Para dokter “peniup peluit” (whistleblower) membiarkan rahasia itu tersingkap bulan ini dengan memberikan rincian mengenai “Icare” yang informasinya dibagikan pemerintah kepada para dokter dan pemangku kepentingan terpilih.

Saat ini pemerintah membayar untuk skema layanan kesehatan sebesar 34 milyar ringgit (sekira Rp 110 trilyun) setiap tahun. Mereka ingin membebankannya kepada para konsumen di bawah “Pembiayaan Perawatan Kesehatan” yang mendapat tentangan dari dokter umum dan spesialis.

Para dokter menentang setiap skema yang mewajibkan warga negara memberikan sebagian pendapatan mereka –dalam kasus ini 10 persen dari gaji bulanan– sekalipun pembiayaan kesehatan itu ditujukan untuk konsumen.

Sistem yang sudah ada, terdiri atas jaringan rumahsakit umum dan klinik dan perawat di seantero negeri, sudah menyediakan layanan kesehatan yang murah, terjangkau, dan efektif.

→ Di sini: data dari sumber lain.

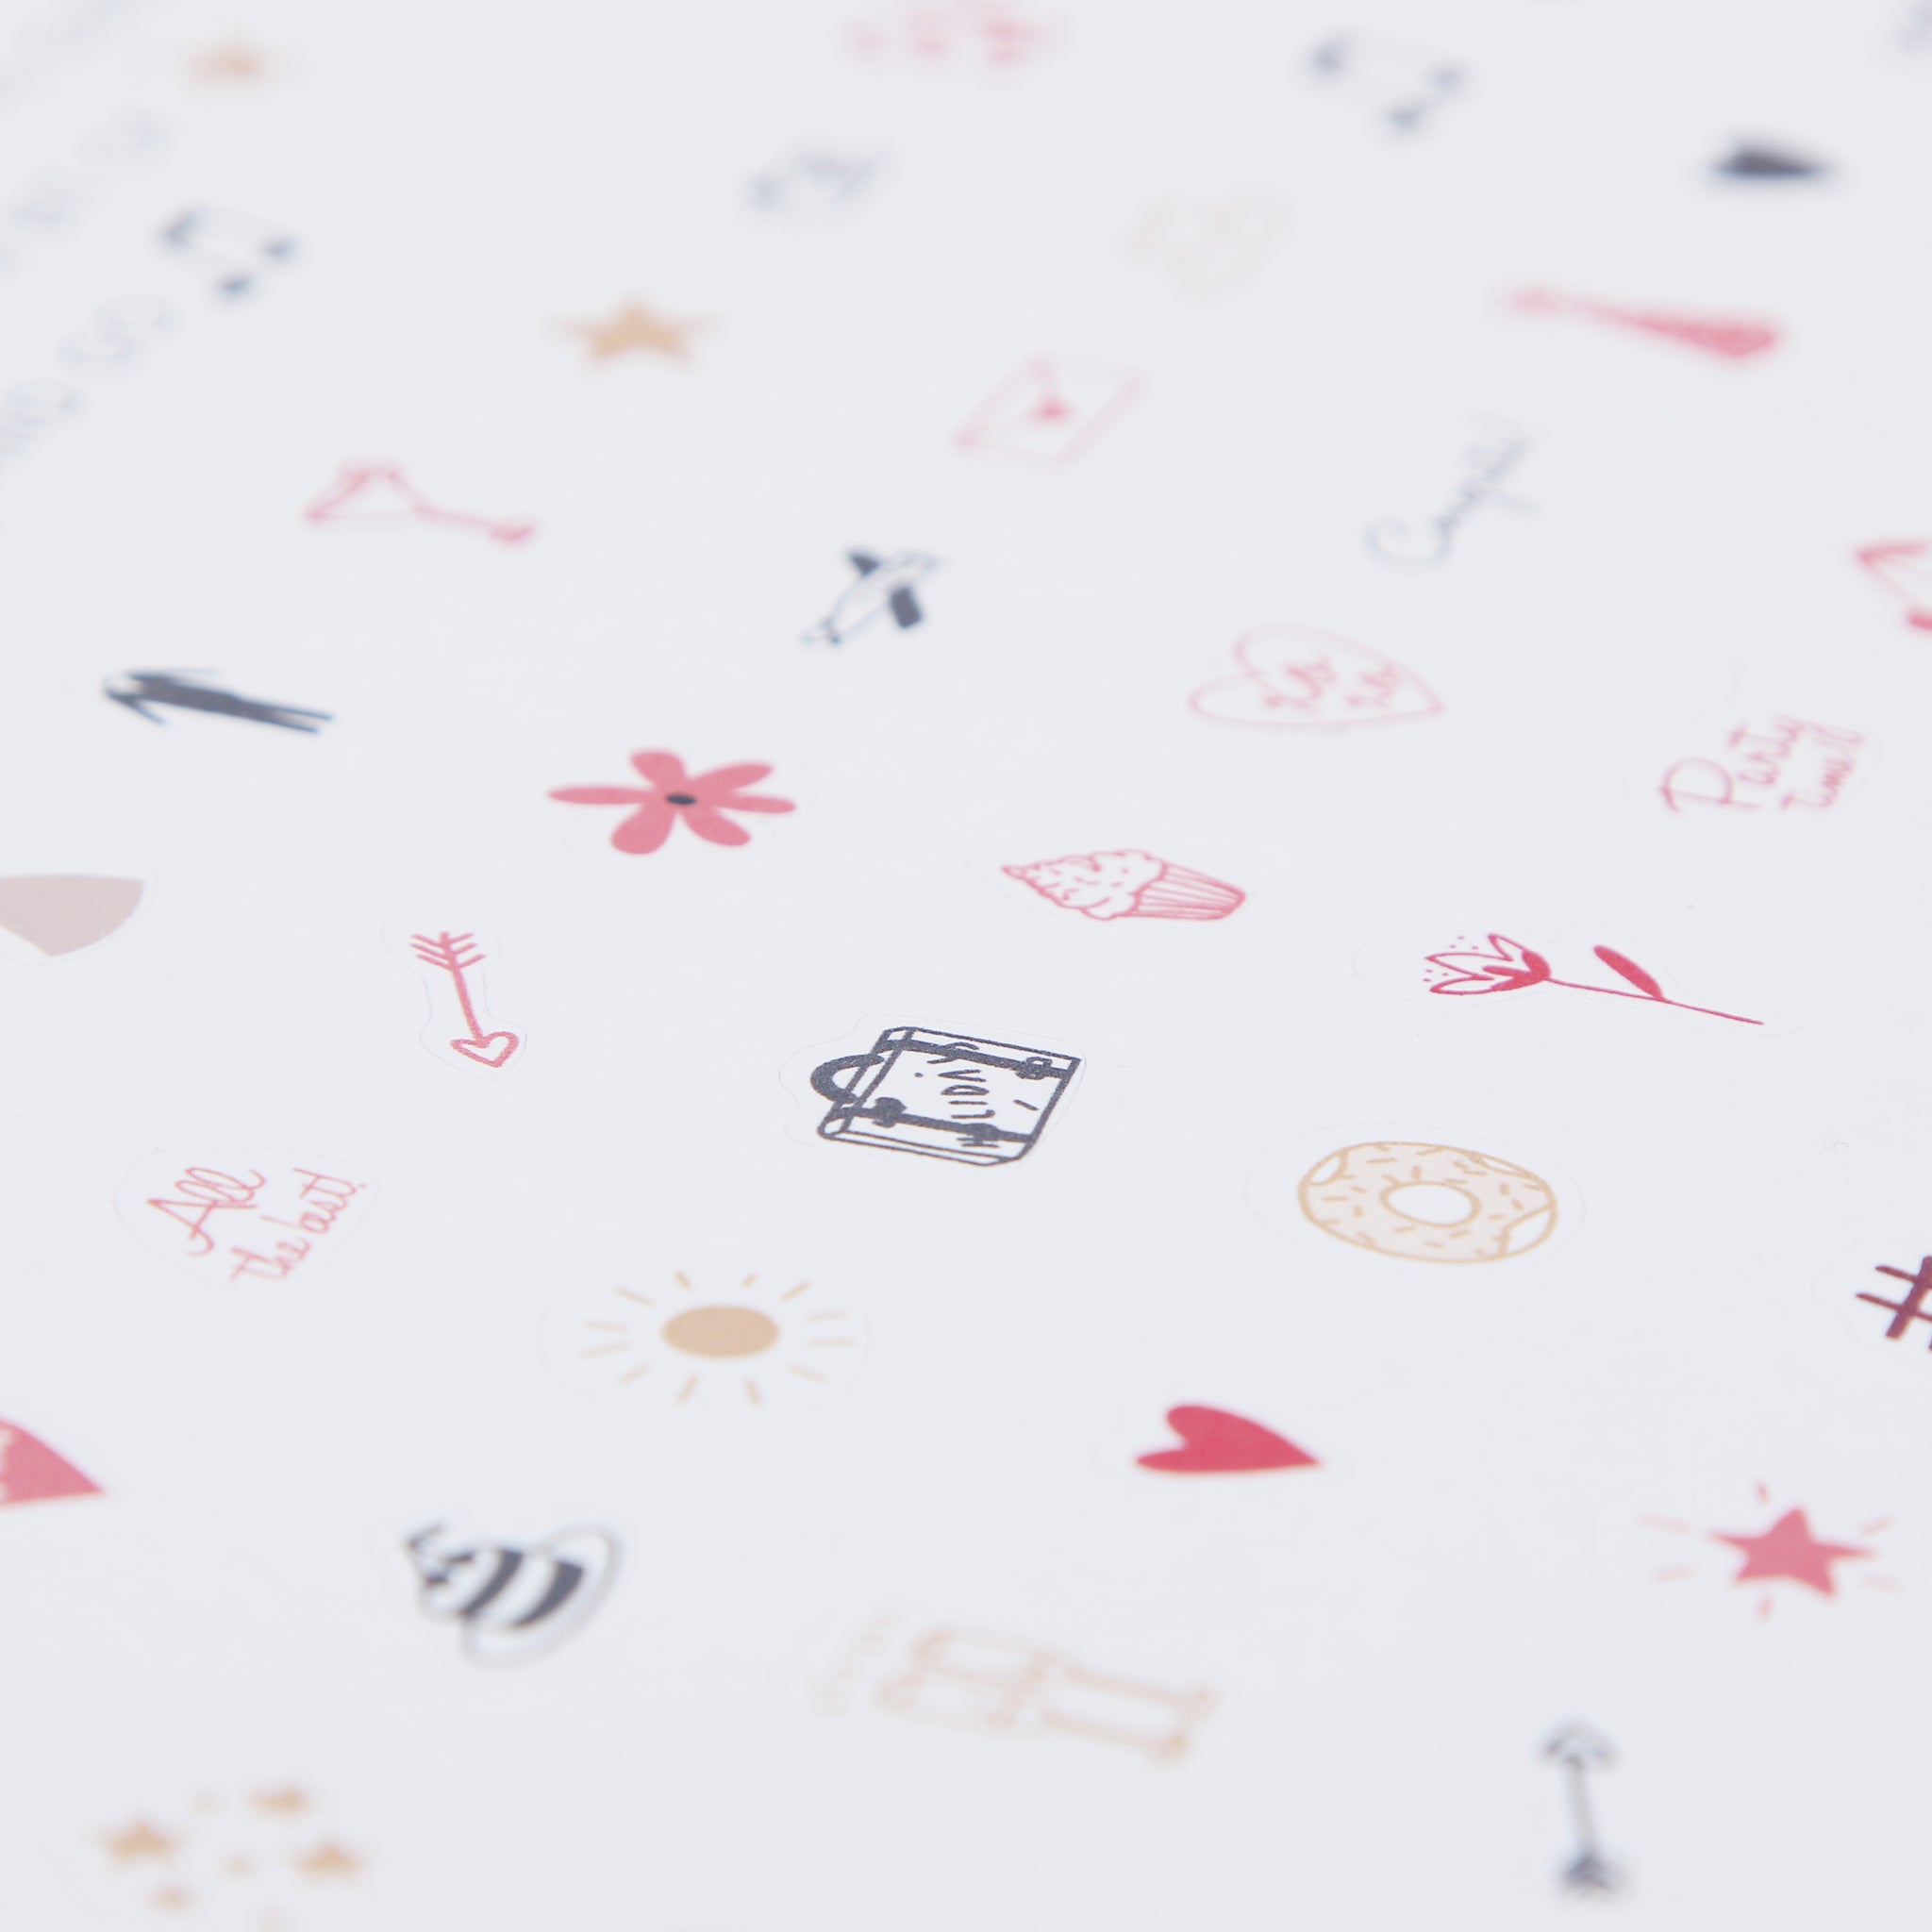 Stickers Emojis for the Wedding Guesbook, Cream Red Tones by Liumy - Liumy

“Mengapa membenahi sesuatu yang sudah berjalan cukup baik,” ujar Dr Ng Swee Choon, wakil ketua Asosiasi Praktisi Medis Swasta, sebuah kelompok dokter yang menentang Icare.

“Malaysia memiliki layanan kesehatan yang baik karena hampir 90 persen penduduk tinggal dalam jarak lima kilometer dari rumahsakit maupun klinik pemerintah,” katanya.

Ng berkata, sebuah forum yang digelar Badan Kesehatan Dunia (WHO) pada 18 Februari mengakui dalam laporan tahunan 2007 bahwa Malaysia menjalankan sistem layanan kesehatan yang efektif dan efisien serta layanan itu dinilai “sempurna.”

Saat ini 4,7 persen dari Produk Domestik Bruto dipakai untuk kesehatan, jauh di bawah rekomendasi WHO sebesar delapan atau sembilan persen.

“Jauh lebih penting meningkatkan anggaran kesehatan dari persentase PDB ketimbang mengubah sistem,” kata rekan dokter-cum-aktivis T. Jayabalan.

Pemerintah justru bergerak menjauh dari penyediaan layakan kesehatan gratis ke sebuah skema pembiayaan yang akan dibebankan kepada seluruh warga negara, katanya.

Namun pemerintah menyatakan layanan kesehatan menjadi kian mahal setiap hari dan percaya membebankan pembiayaan ke warga adalah salah satu pilihan terbaik.

“Setiap orang berhak mendapatkan layanan kesehatan yang sama… tak akan ada perbedaan swasta dan pemerintah,” kata Menteri Kesehatan Liow Tiong Lai, menambahkan bahwa skema ini mewajibkan setiap orang berkontribusi saban bulan sebagai imbalan mendapatkan perawatan medis terbaik.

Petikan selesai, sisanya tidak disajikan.